この先、もし林や二階堂の新たな物語が紡がれることがあったなら、大西さん高橋くん始めまた皆さんで帰ってきて、どうかあの冷めているようで暖かいドラマをもう一度作って頂きたいと思います。


さて。
林は学校中の階段の数を数えたり(ドラマではここで息が切れていたのがよかった)、看板の文字を一文字ずつ写真で撮っては単語を作り自分でしりとりをしてみたり、他人のキャンバスで干し芋作って見たりと「無駄なこと」をしているユニークな子で、「心に余裕があるうちは意味のないことをしていたい」とその余裕を楽しむキャラクターです。そのふわふわしたモラトリアムを享受する姿に自分の学生時代を思い返して、私も無駄な事ばっかやってたな〜と思ったのは言うまでもありません。ここまで突飛なことはしてなかったものの、ずっと勉強もせず部活に入り浸り、変わり者ぞろいの友人たちと全力でふざけた学生時代だったと思います。

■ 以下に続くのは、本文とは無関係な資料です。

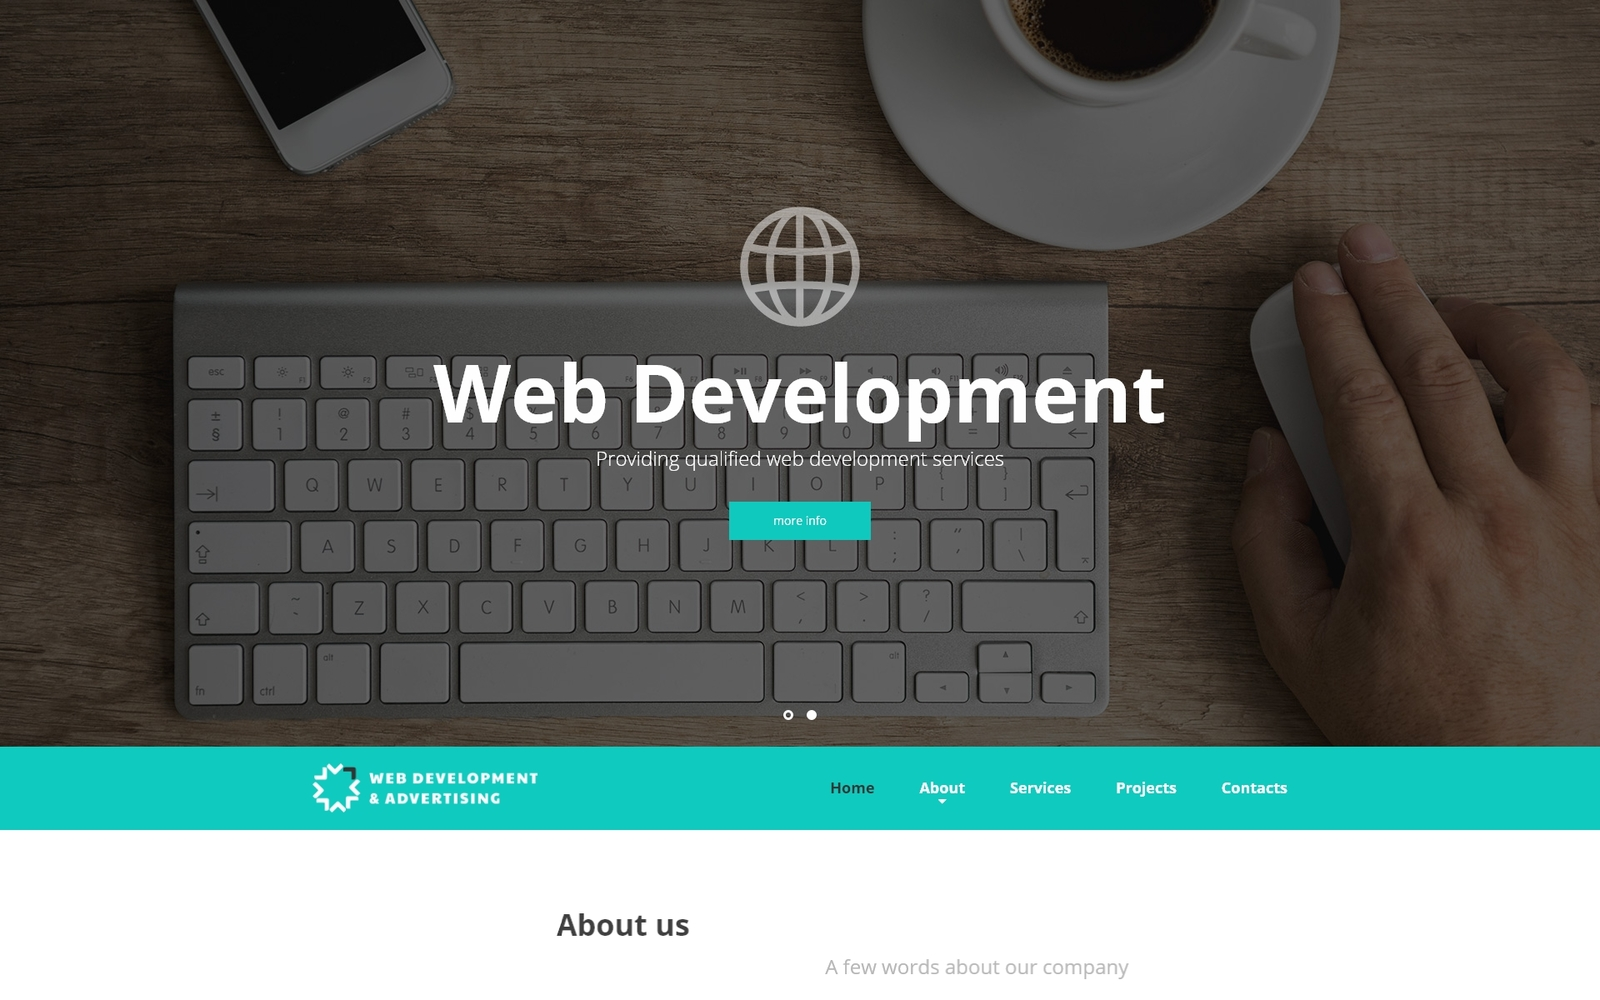 "Template Siti Web Responsive #52537 ""Web Development & Advertising - Web Development Responsive"""

1番無駄?だったのはただの備品置き場だった部室を何故か一念発起して大掃除&大改造し、住めるようにした事ですかね……最高学年になってからは友人と毎日のように部室に集まってお昼を食べ、馬鹿馬鹿しい話をしては隣の部まで巻き込んで連日大騒ぎをしていました。遊ぶことに全力な部活メンバーだったので、朝から晩まで遊び倒したり、全員で県外のペンションに泊まりに行ってひと騒動起こしたり、意味もなく全力で仮装してみたり、余りにも有意義な「無駄なこと」をしていました。そのどれもが鮮やかに思い出せるのに、アツい青春どころか淡々としている。「夢中さ、きみに」に夢中になったのはそういうところに共感したのかな、と今改めて思います。
この作品をドラマ化してくださり、出会わせてくださったことに感謝しつつ、今週からのドラマ特区次シリーズ、「西荻窪三ツ星洋酒堂」にも期待していきたいと思います。
何と言っても主演は我らが町田啓太氏。個人的に西荻窪は縁のある土地なのでソワソワしながら拝見するつもりです。